Monday, September 11, 2017

SPX and NDX: Take It with a Grain of Gunpowder...

Last update suggested that NDX looked like a complete ABC rally, and NDX has declined enough to validate that call.  However, that doesn't mean bears are completely in the clear, as we'll see on the chart below.  In fact, I still feel that bears should HOPE the near-term pattern here is bullish (in the form of the triangle shown below), so they can at least get a better shot at things down the road.

SPX continues to remain a bit cryptic.  I've drawn a "best-guess" near-term projection, but my confidence isn't high, so take it with a grain of gunpowder. (If you've run out of salt, you can season meat with gunpowder!  True factoid -- but this is not cooking advice.  Please consult your chef before making any seasoning decisions.)

In conclusion, nothing much has resolved since the most recent updates, but we do at least have a couple patterns and levels to keep an eye on.  Trade safe.

Friday, September 8, 2017

SPX, NDX. BKX: BKX on the Verge...

So we have two potentially interesting developments since last update. 

The first is BKX, which is finally getting close to validating the preferred count of the past 5 months (seems like FOREVER ago that I first suggested BKX rallies should be sold -- maybe longer than forever).  It has also all-but-validated the preferred near-term count from last update, and the steep relentless decline has certainly behaved in line with the predicted bear nest:

The second is NDX, which has reached a bear inflection point.  The rally since last update has, so far anyway, taken the form of three waves, which count as complete.  As long as NDX doesn't rally immediately north of 5981, then intrepid bears could treat that high as the labeled 2/B wave and short against it if they're so inclined.  If attempting such, do keep in mind that 6009 is the more critical zone, because we can't yet rule out all the potential near-term patterns that could briefly head-fake above 5981 without killing the bear case.

Finally, SPX is still the odd man out, and its pattern leaves much to interpretation.  Given the state of BKX and NDX, I'm somewhat inclined to think SPX will probably at least test the lower black trend line -- and possibly head quite a bit beyond that (the black B/2 and red Bear (A) will be the key inflection points, so if we do head lower, then bears may want to increase caution near those levels).

I really have no clear reason in SPX (by itself) to favor a near-term bearish outcome... but I'm somewhat inclined to do so anyway.

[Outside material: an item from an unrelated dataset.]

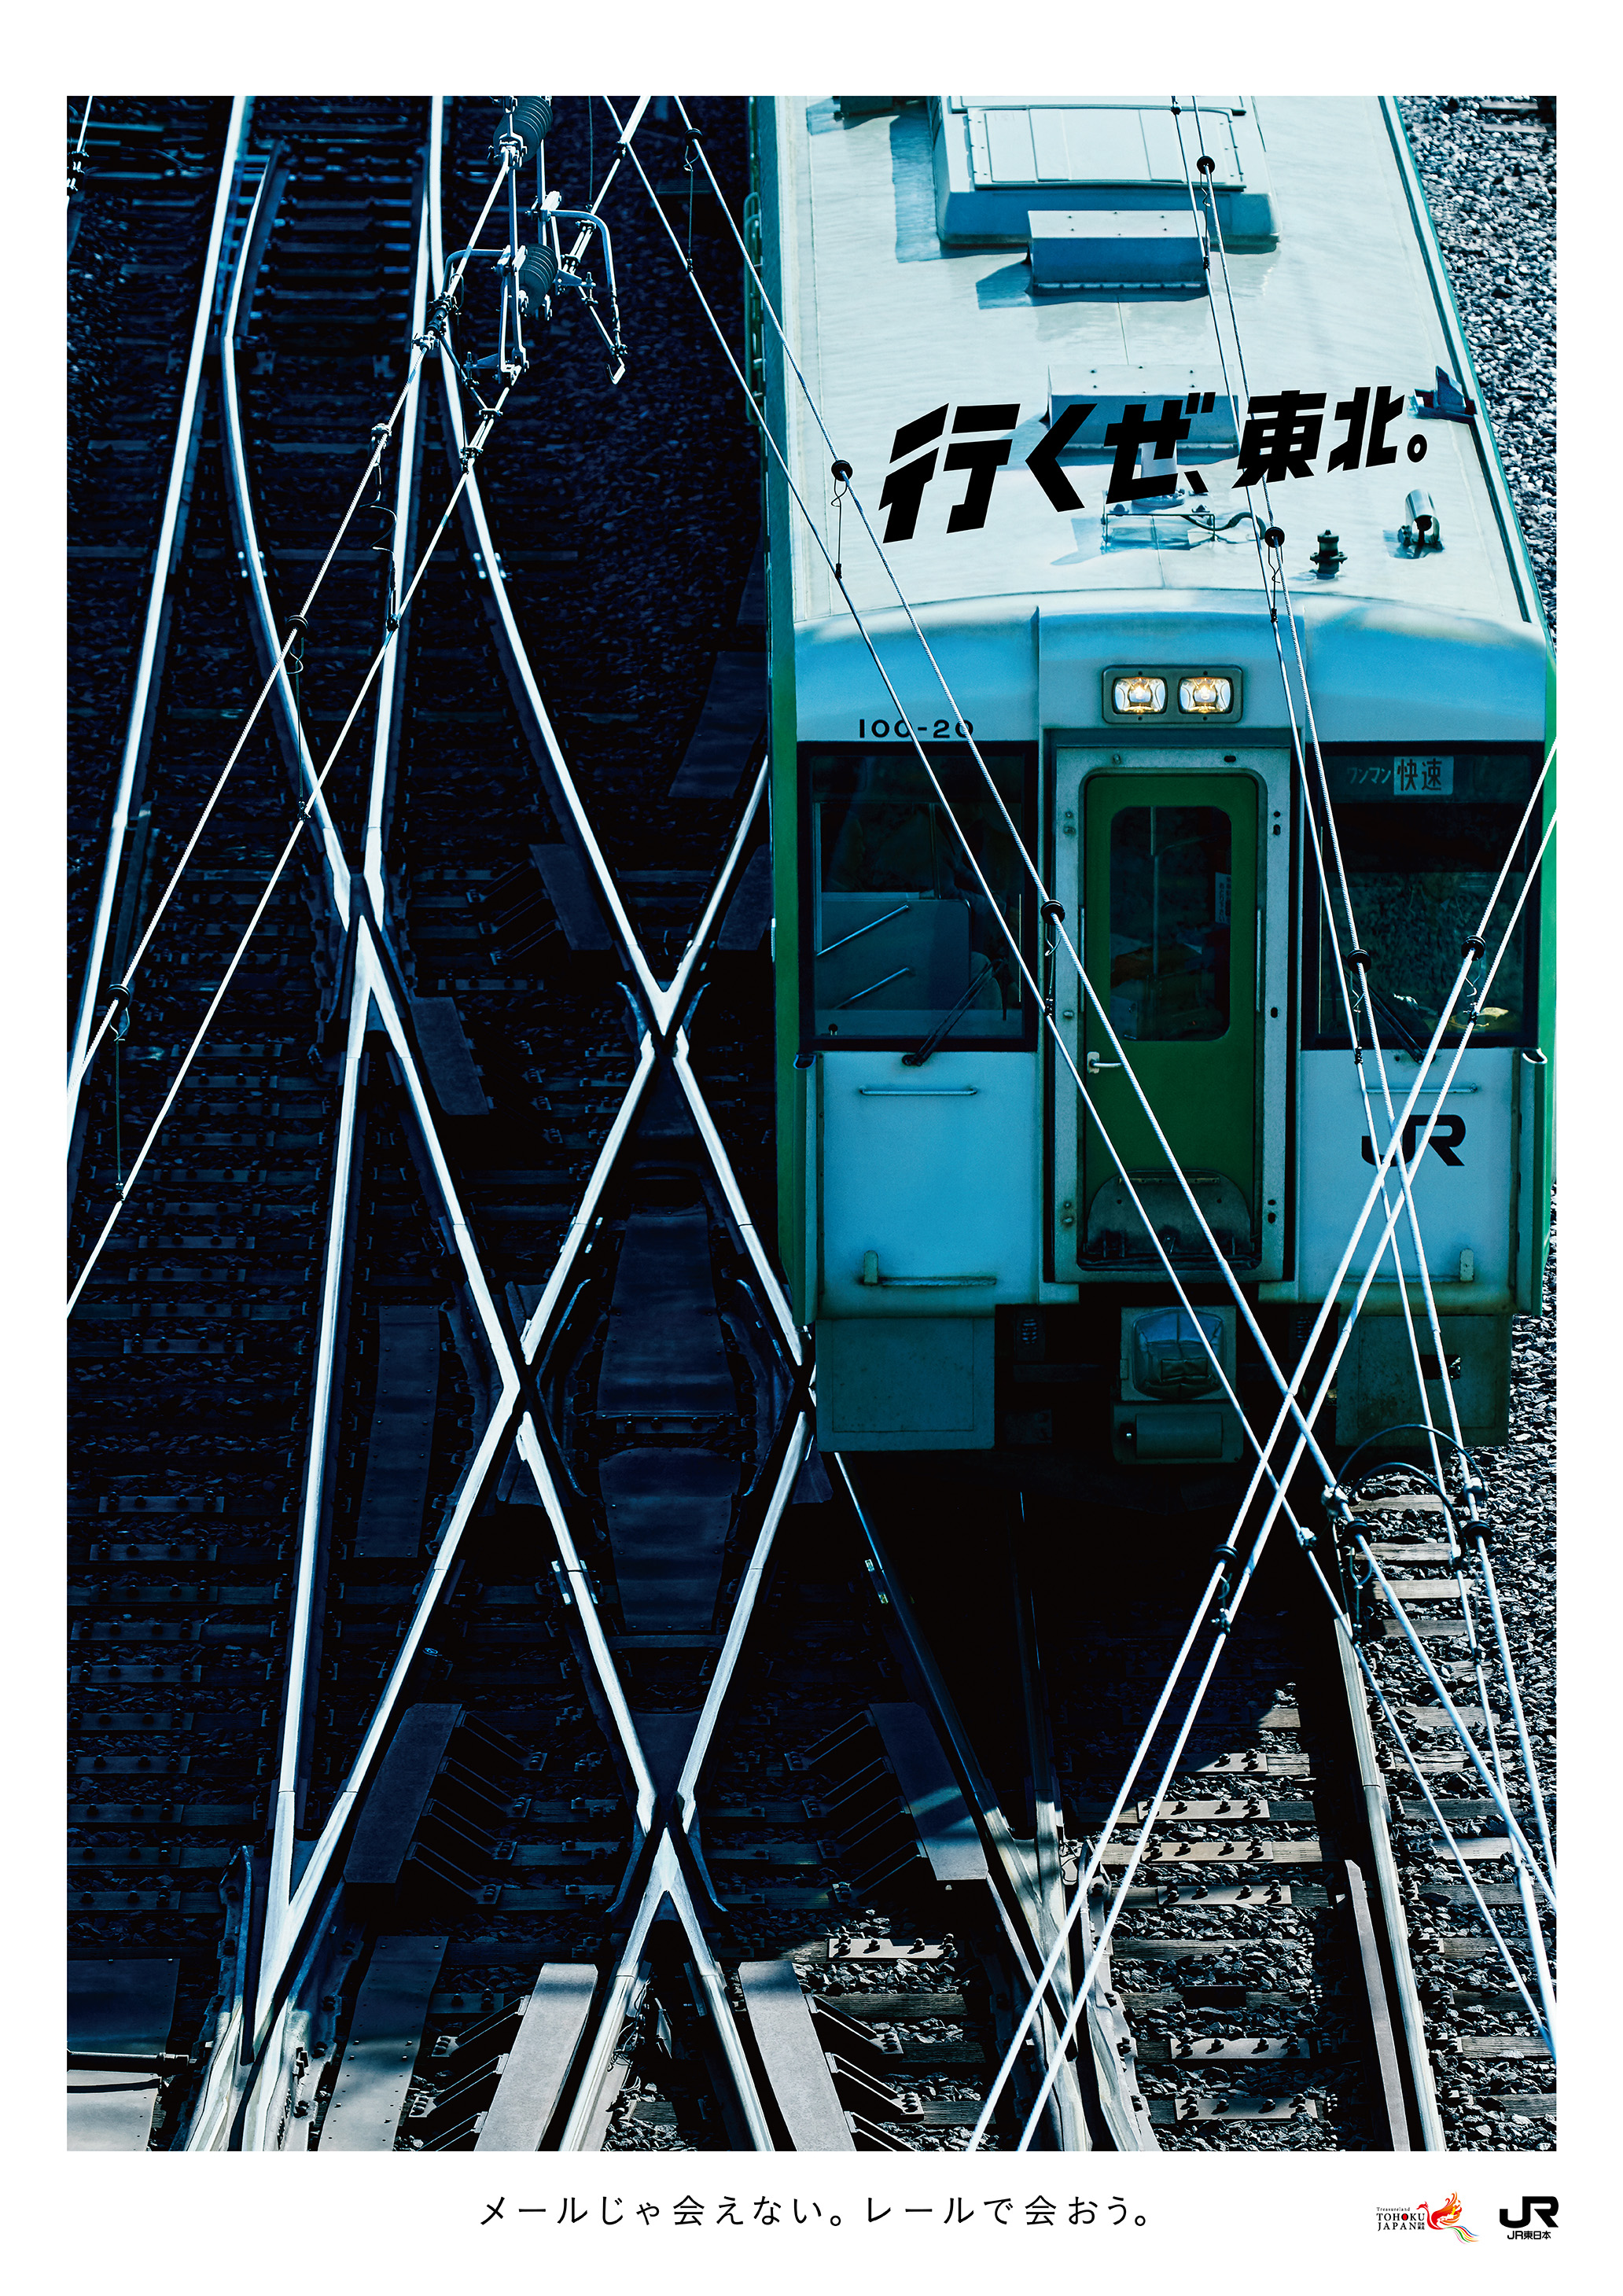 JR_ikuze_2016_summer_B1_train_160512_fin_ol

In conclusion, if bears want to try to get back in the game, NDX has reached an inflection point and the potential of a straightforward pattern.  BKX is finally close to validating a predication made five months ago, and even if it holds here, it's declined enough to mean good news for bears who've been attacking the financials on that standing recommendation. 

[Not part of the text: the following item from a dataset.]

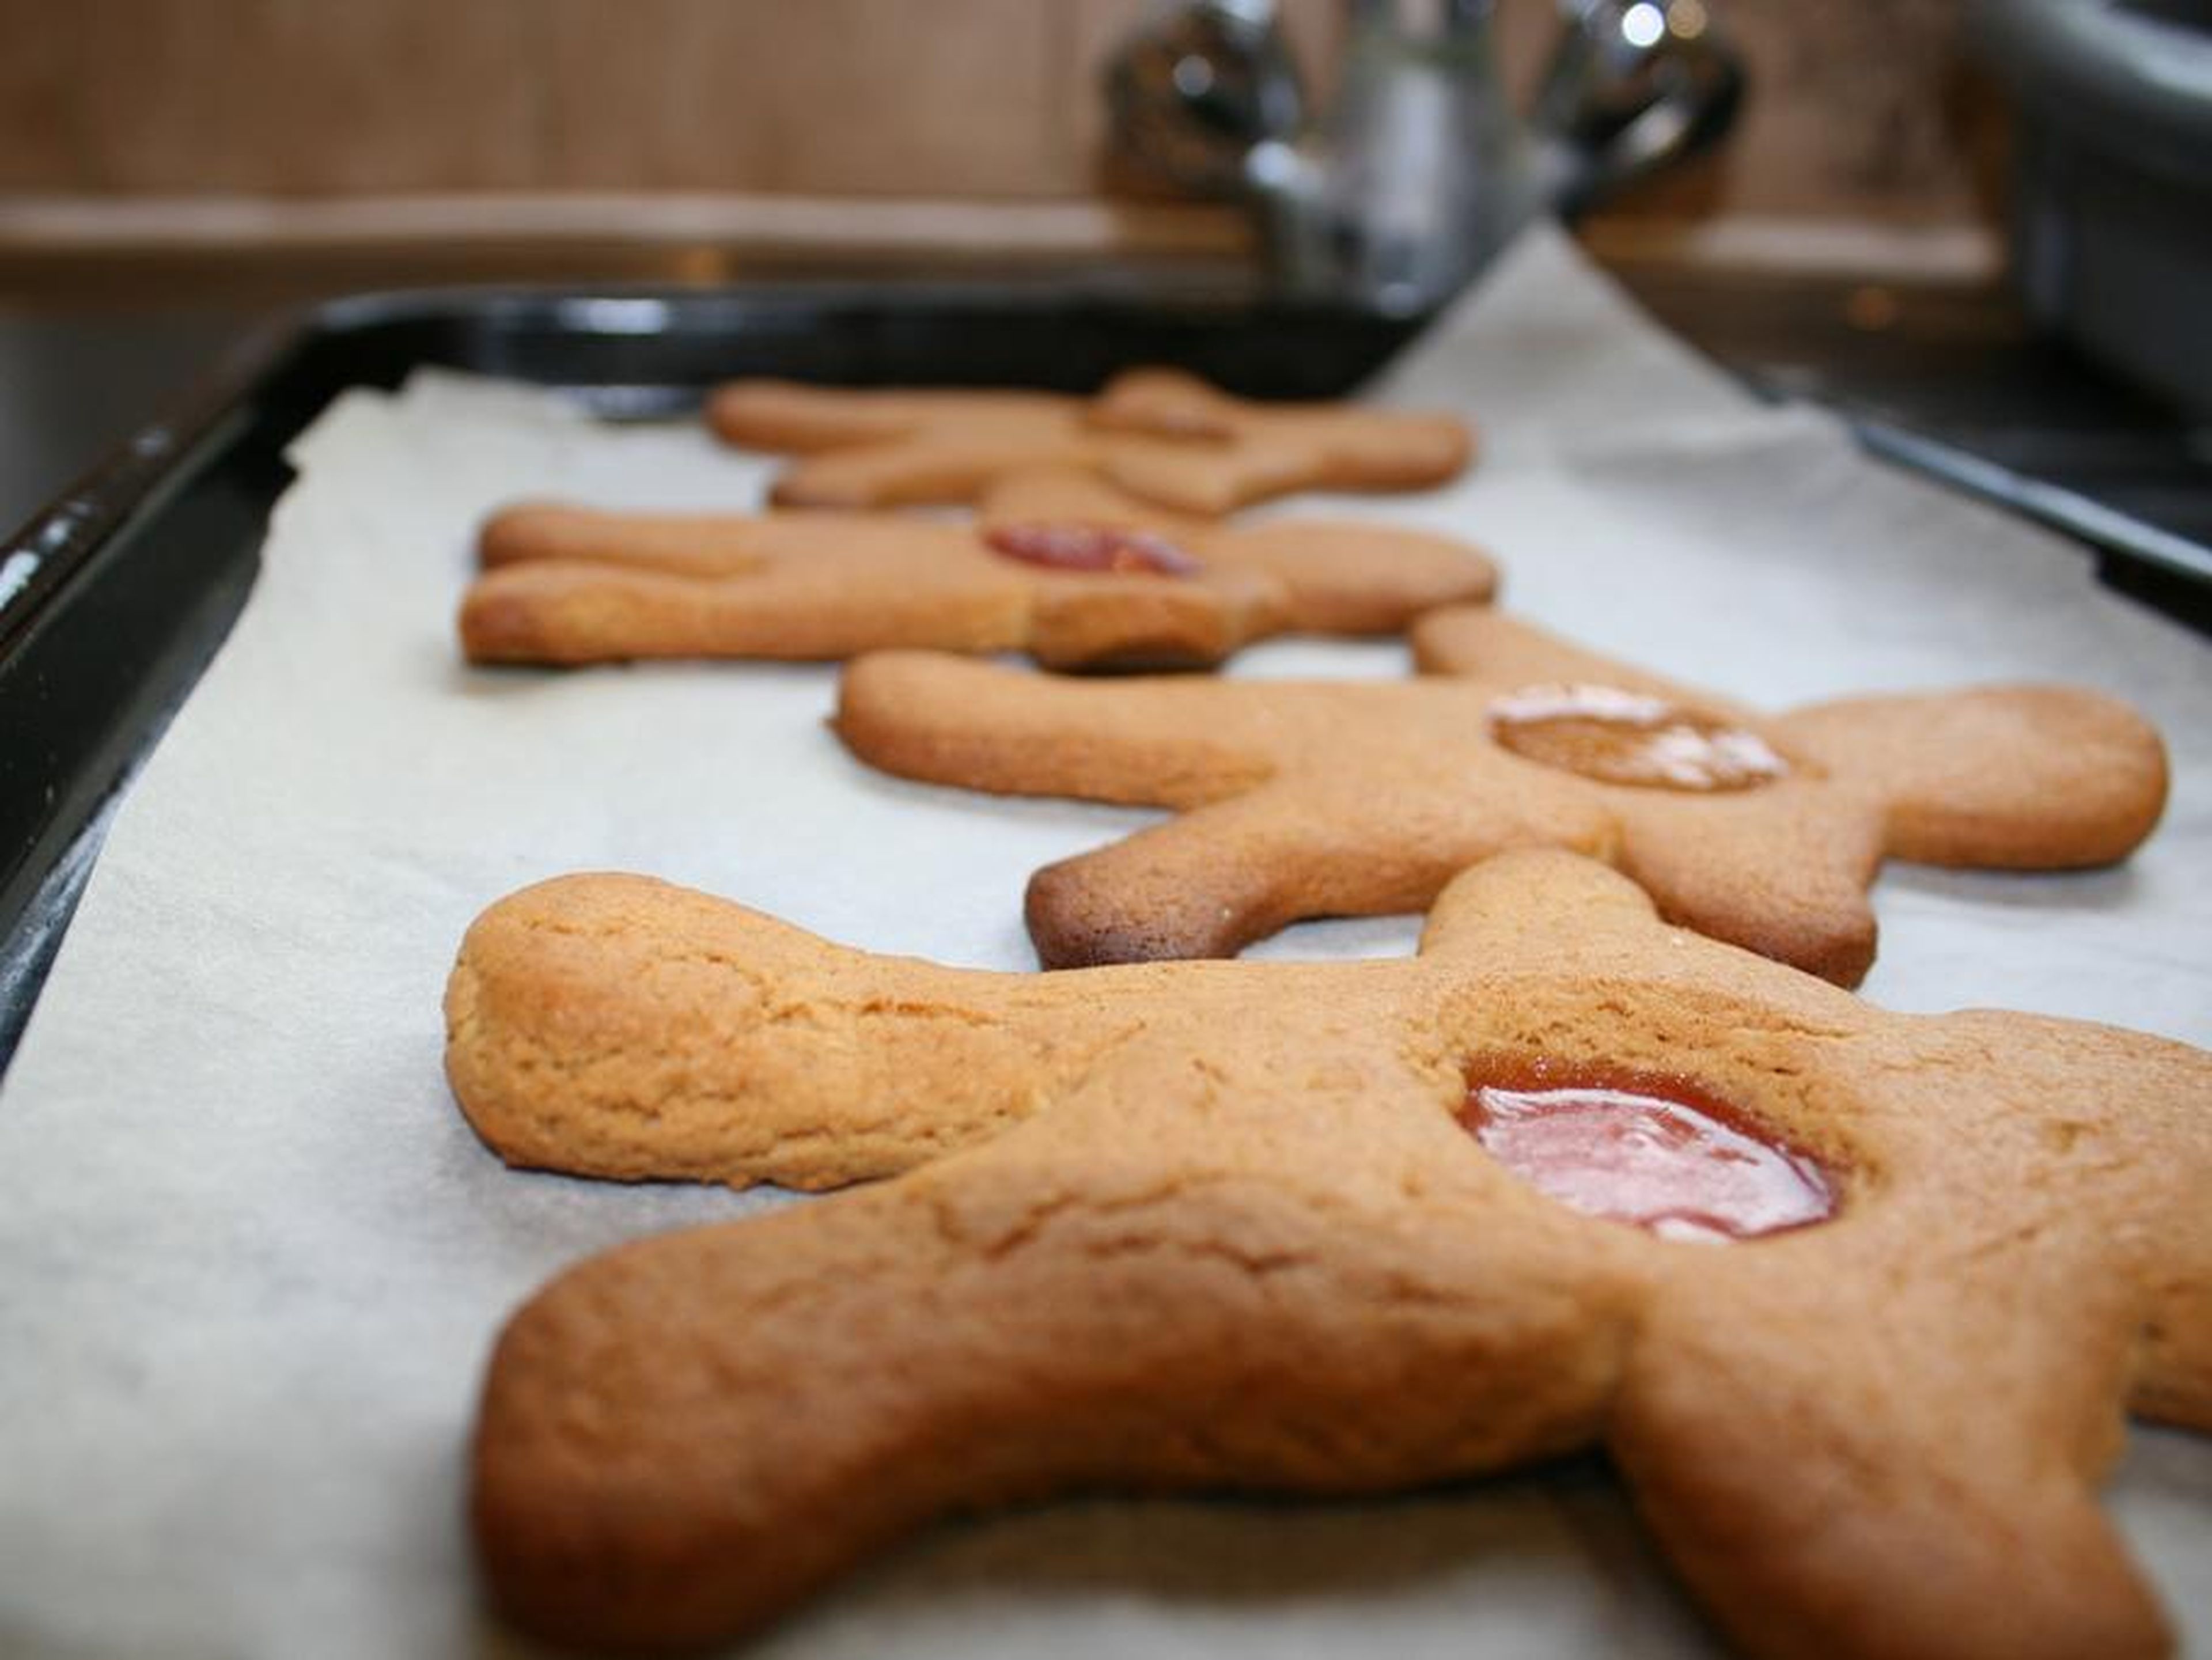 Las galletas de jengibre figuran en el menú de los astronautas este año.

SPX is still a bit cryptic. The near-term pattern there can be counted as a complete ABC rally from 2446 to 2469, but leaves just enough room for doubt that I can't rule out the possibility for it to decline slightly, then rally again toward the upper black trend line, before reversing again and heading toward the lower trend line (if it ever does head to the lower trend line, of course).

Despite the tight calls, I'm still inclined to give the overall nod to bears at the moment, and suspect we'll break 2446 before we see the market above 2480 again ("before" as in "I'd sell my right leg before I'd smile at Bernanke!"  Not "before" as in "this, then this other thing immediately follows."  This verbiage has caused confusion before, so I'm hoping to head that off.).  Trade safe.